→ Required action: Exact reproduction is required for the lines below starting at the line with "Location villa palombaggia" and ending at the line with "コンサートチラシ★Art Garfunkel / アート・ガーファンクル", both included. No other lines, and no pictures.

→ Study material:
* * *

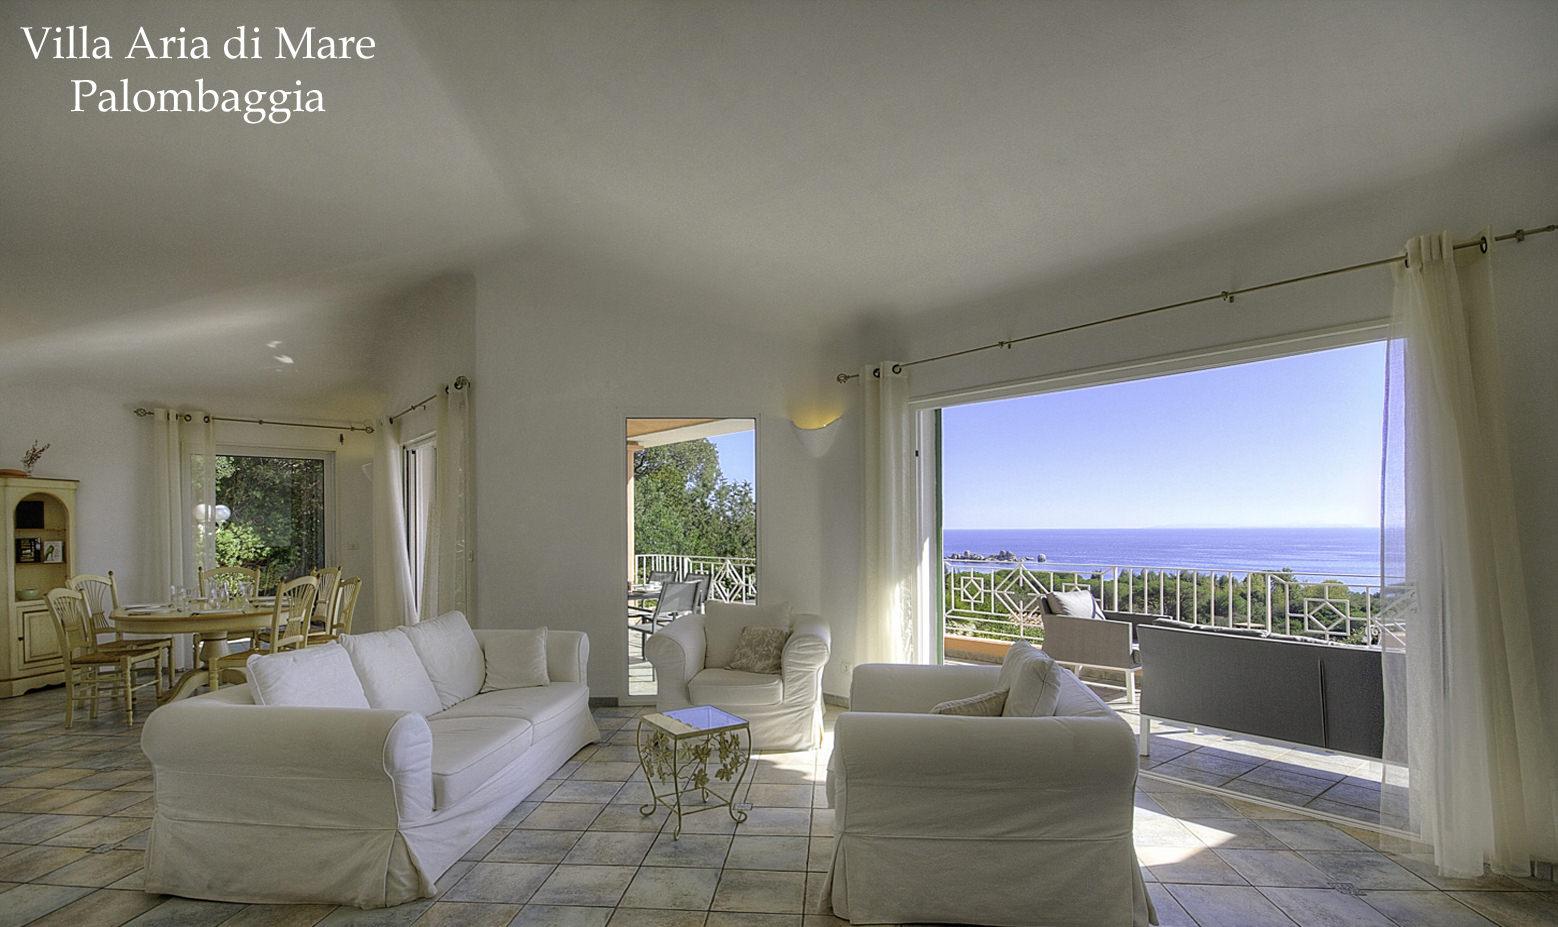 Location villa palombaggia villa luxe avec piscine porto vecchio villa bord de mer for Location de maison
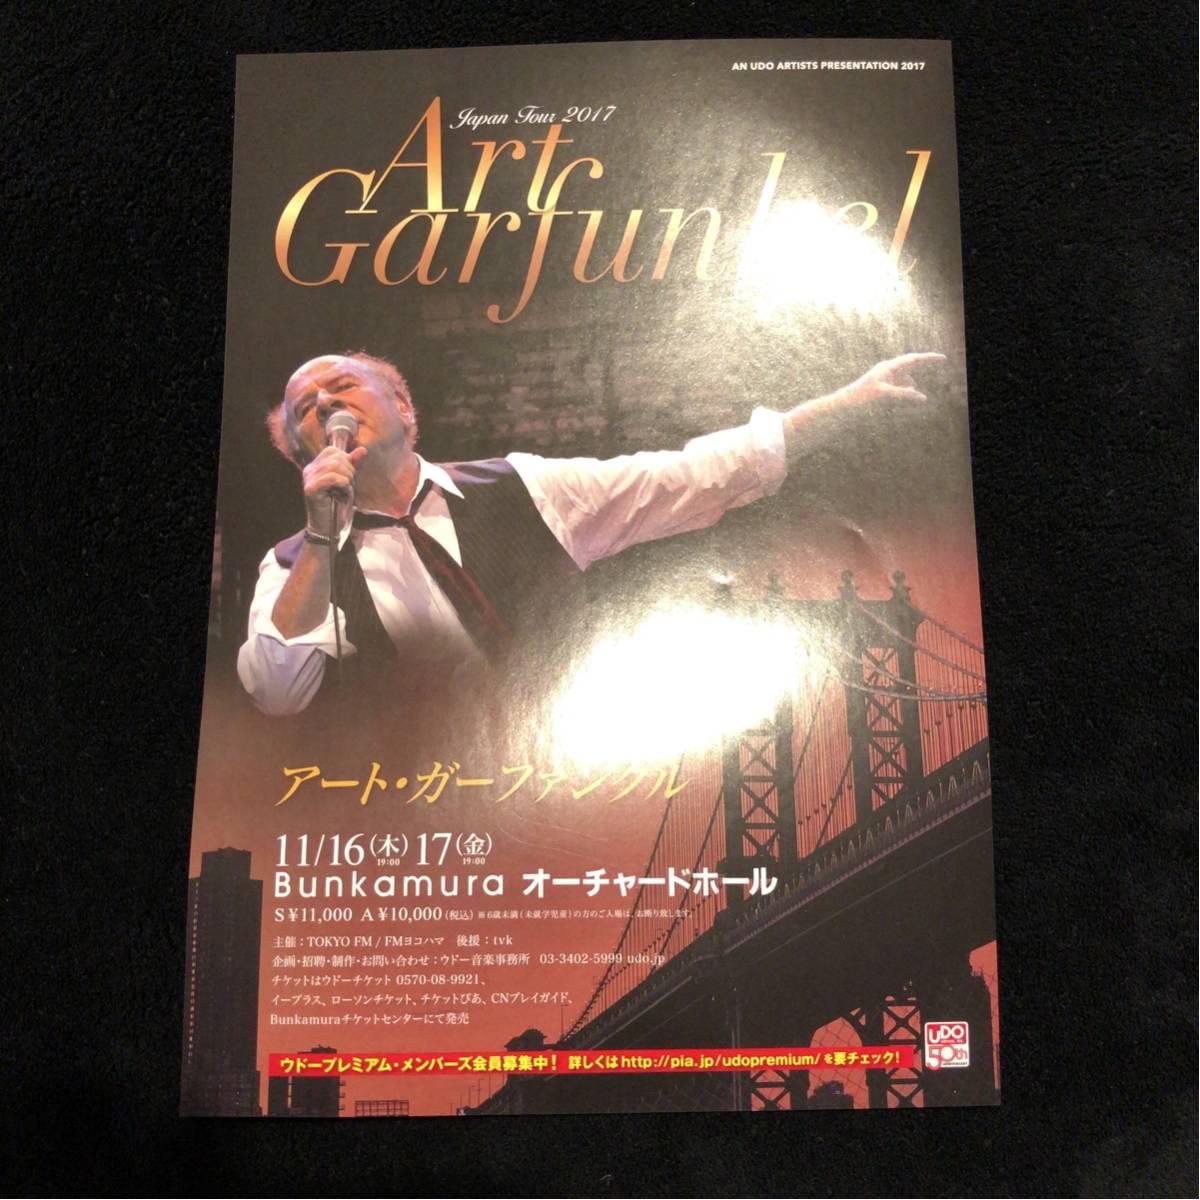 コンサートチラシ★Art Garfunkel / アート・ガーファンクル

* * *

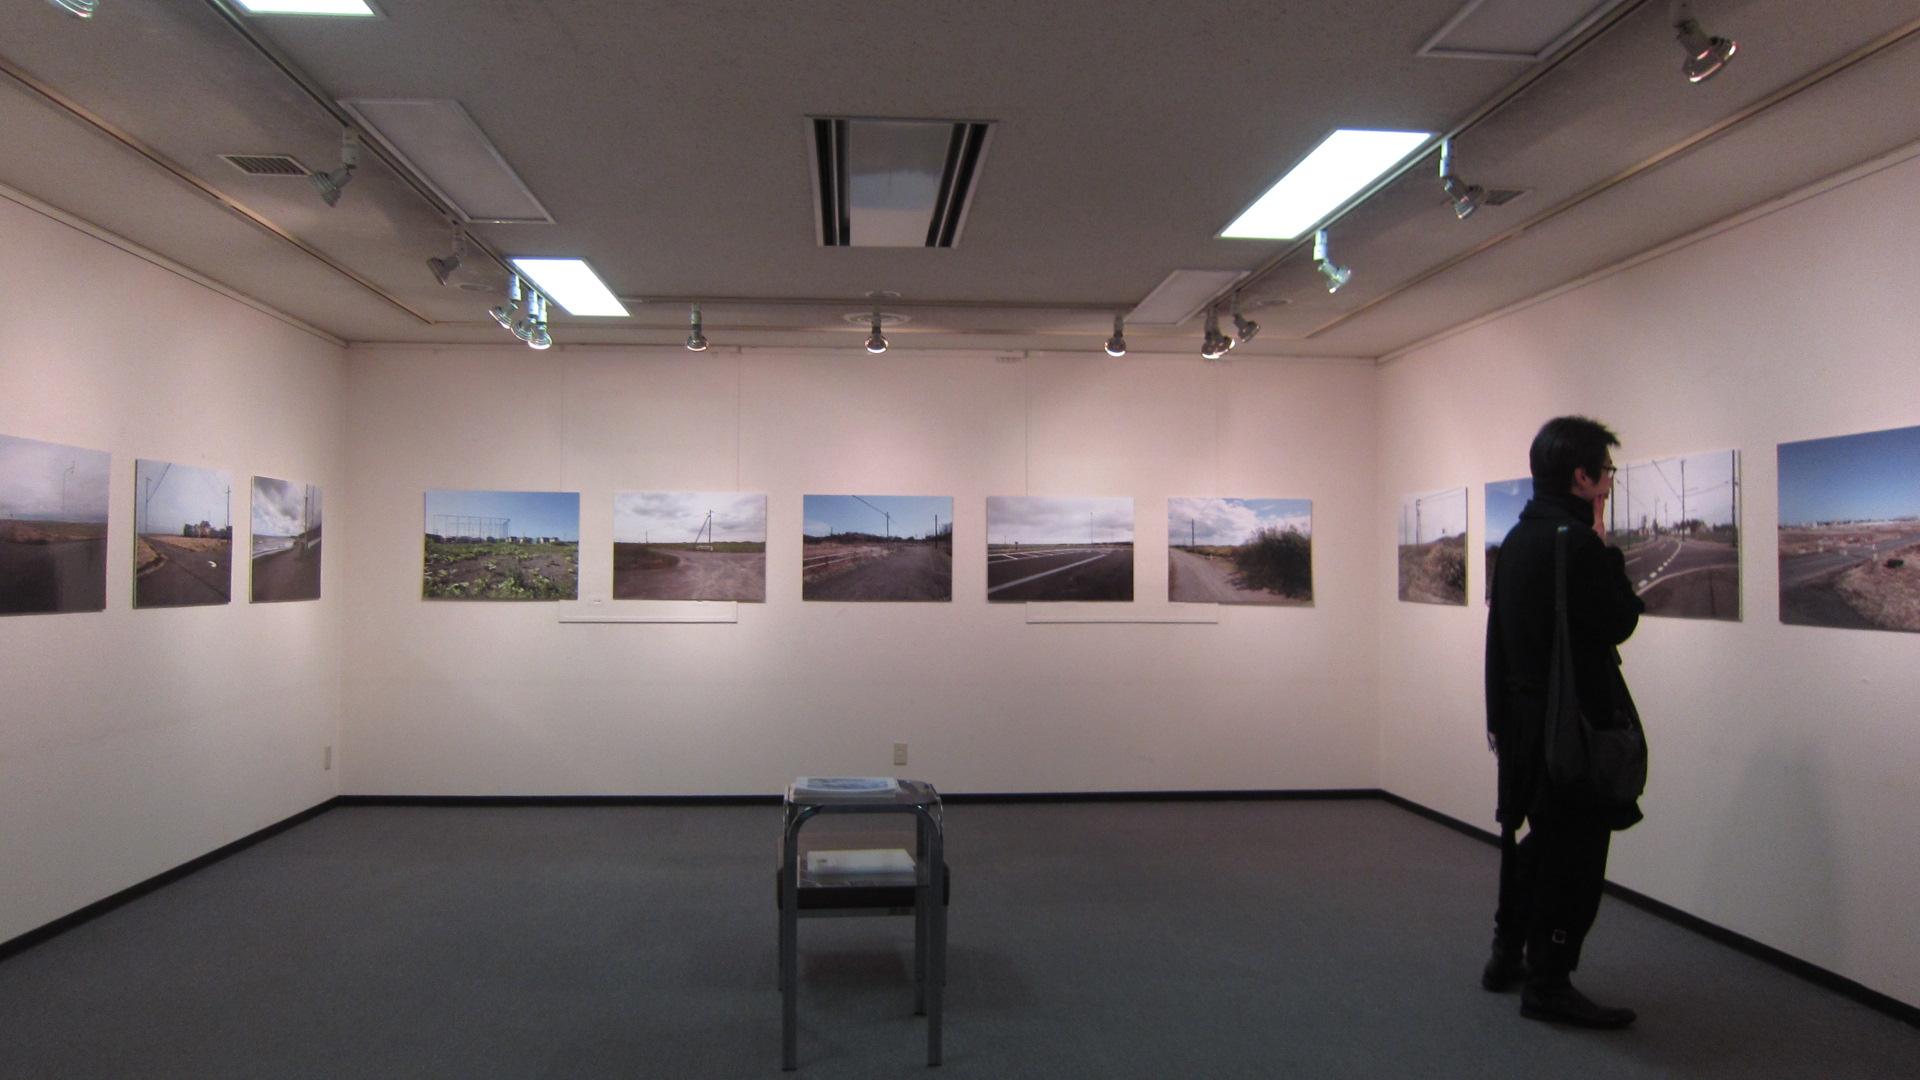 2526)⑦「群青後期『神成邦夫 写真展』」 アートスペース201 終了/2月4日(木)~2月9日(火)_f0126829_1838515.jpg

* * *

→ Exercise solution:
 Location villa palombaggia villa luxe avec piscine porto vecchio villa bord de mer for Location de maison
 コンサートチラシ★Art Garfunkel / アート・ガーファンクル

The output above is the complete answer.